The median total dose of ketofol administered was 1.125 mg/kg for both propofol and ketamine. Badrinath et al.38 compared multiple concentrations of ketamine in a ketamine-propofol combination during monitored anesthesia care and found an increase in postoperative nausea, vomiting, and psychotomimetic effects; prolonged recovery; and delay in discharge with an increasing dose of ketamine. Use of equivalent doses of ketamine and propofol in our study could not prevent adverse effects of ketamine. We think that a small dose of midazolam as pretreatment before administration of ketofol may preserve the sedative effect and increase physician’s satisfaction by reducing clonic movements and emergence phenomenon during and after the procedure.
The relatively small number of patients examined in our study precludes generalizations regarding safety and the incidence of rare adverse effects. Further randomized, prospective studies conducted in the ED with larger samples comparing ketofol to other common PSA agents could further document the safety, efficacy, and effectiveness of the ketamine and propofol combination for PSA in the ED setting.
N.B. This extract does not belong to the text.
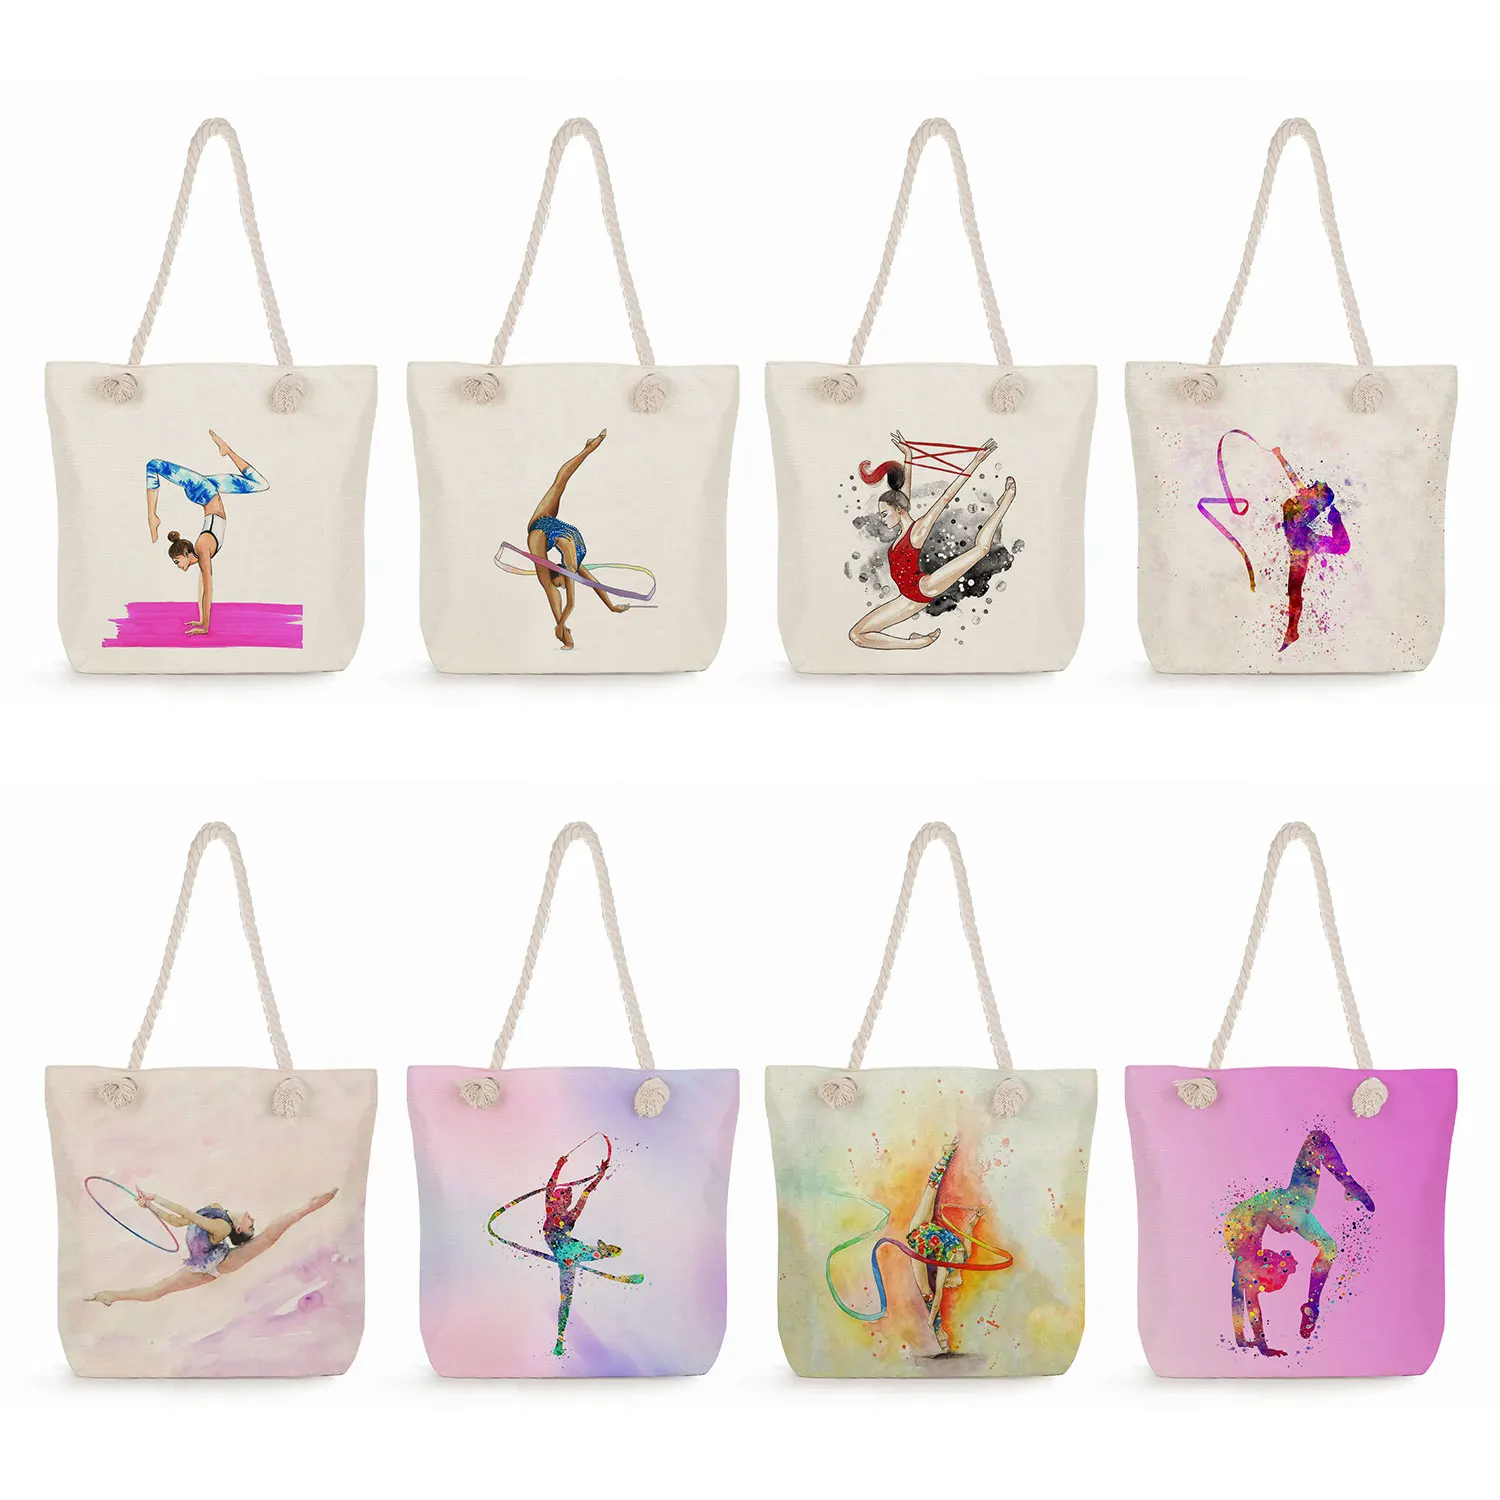 

Акварельные сумки с гимнастическим художественным принтом для женщин, женские сумки-тоуты, вместительная сумка для гимнастики и хранения, модные сумки через плечо

Because propofol (an opaque, milky liquid) is easily distinguishable from midazolam and fentanyl (clear liquids), true blinding to the nature of the study drugs was not possible. The study was performed in a single ED, and confirming the results will require a multicenter study. Finally, our ED is dedicated to adults, so the results of our study cannot be used for young children.
Coadministration of propofol and ketamine provided adequate sedation and analgesia for painful ED procedures with less oxygen desaturation than the combination of midazolam and fentanyl and a deeper level of sedation and analgesia according to the Ramsay score. As with all procedural sedation and analgesia regimens, adverse effects are possible, and thus, appropriate monitoring and the ability to intervene with cardiorespiratory support remain essential. Further randomized, prospective studies conducted in the ED with larger samples comparing ketofol to other common procedural sedation and analgesia agents could further document the safety, efficacy, and effectiveness of the ketamine and propofol combination in the ED setting.